* THE DATA *
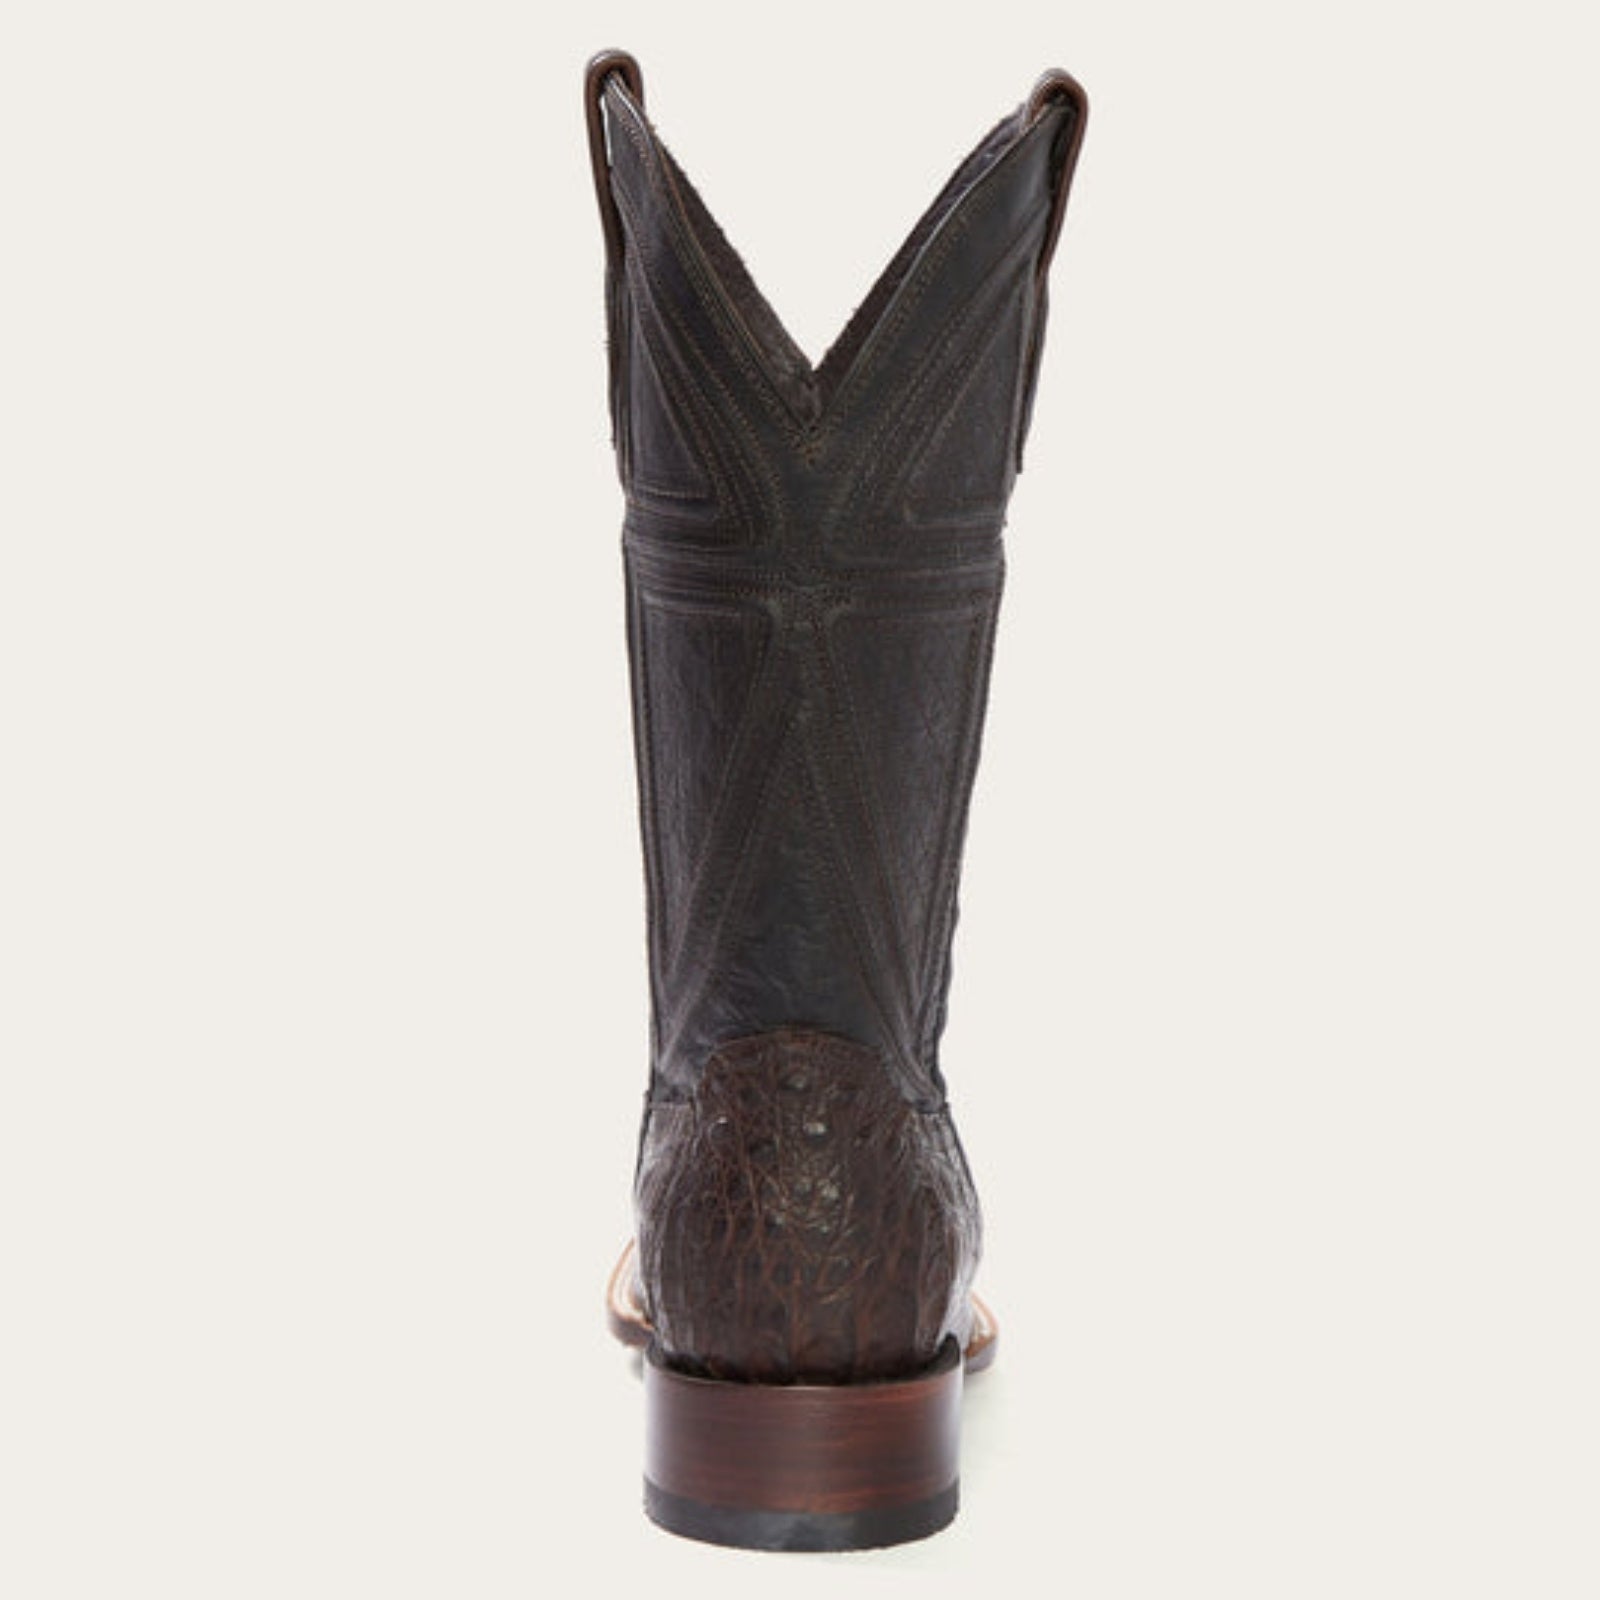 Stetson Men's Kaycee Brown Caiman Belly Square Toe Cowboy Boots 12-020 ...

...

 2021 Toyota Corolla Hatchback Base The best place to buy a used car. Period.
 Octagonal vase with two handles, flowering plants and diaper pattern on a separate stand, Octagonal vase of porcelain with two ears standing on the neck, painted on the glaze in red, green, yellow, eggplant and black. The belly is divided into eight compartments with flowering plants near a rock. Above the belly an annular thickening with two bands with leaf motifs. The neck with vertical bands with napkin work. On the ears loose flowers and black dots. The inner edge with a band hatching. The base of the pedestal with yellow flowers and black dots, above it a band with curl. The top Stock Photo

...

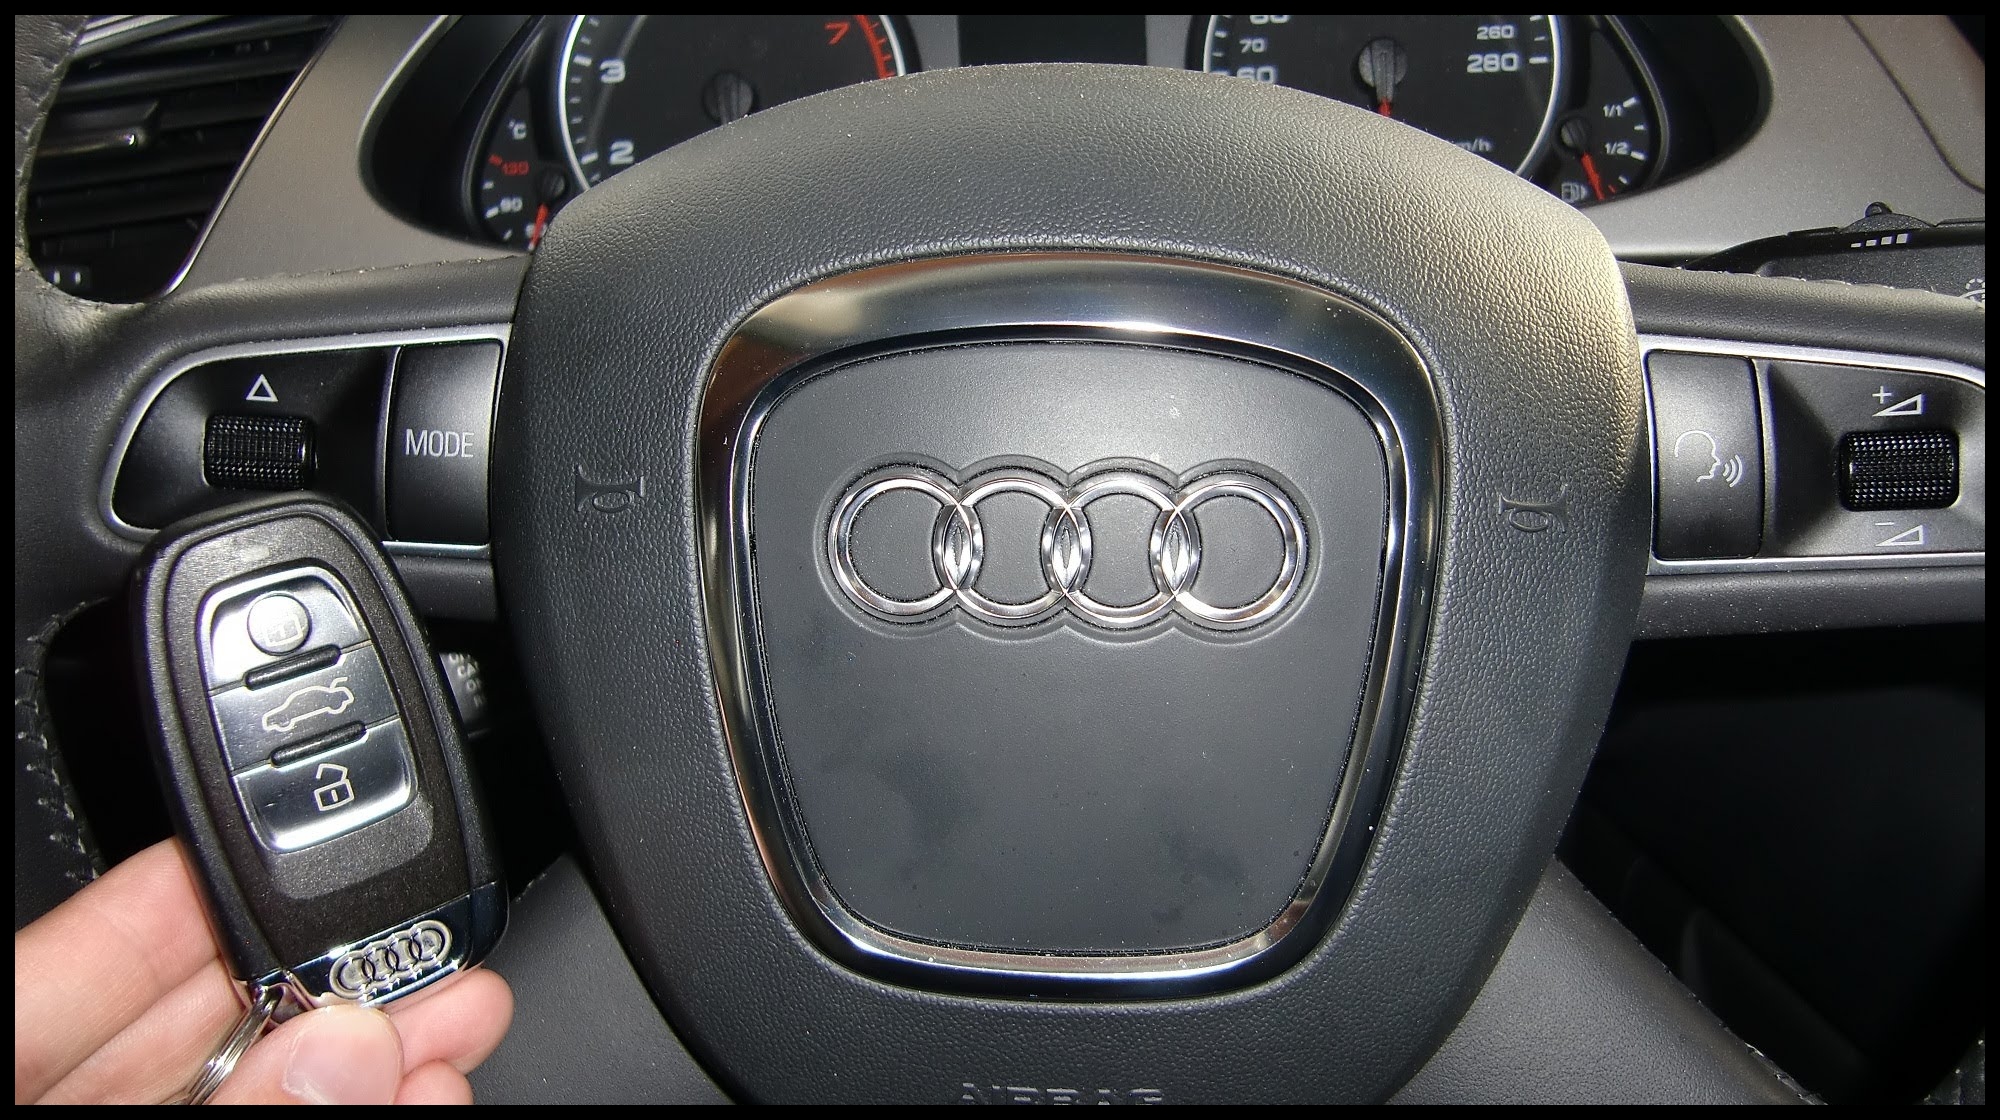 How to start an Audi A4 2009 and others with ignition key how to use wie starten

* TASK INSTRUCTIONS *
In the records above, find the line with "2021 Toyota Corolla"; write out exactly that line and each one after it, stopping after the line with "Octagonal vase with".

* ANSWER TO THE EXERCISE *
 2021 Toyota Corolla Hatchback Base The best place to buy a used car. Period.
 Octagonal vase with two handles, flowering plants and diaper pattern on a separate stand, Octagonal vase of porcelain with two ears standing on the neck, painted on the glaze in red, green, yellow, eggplant and black. The belly is divided into eight compartments with flowering plants near a rock. Above the belly an annular thickening with two bands with leaf motifs. The neck with vertical bands with napkin work. On the ears loose flowers and black dots. The inner edge with a band hatching. The base of the pedestal with yellow flowers and black dots, above it a band with curl. The top Stock Photo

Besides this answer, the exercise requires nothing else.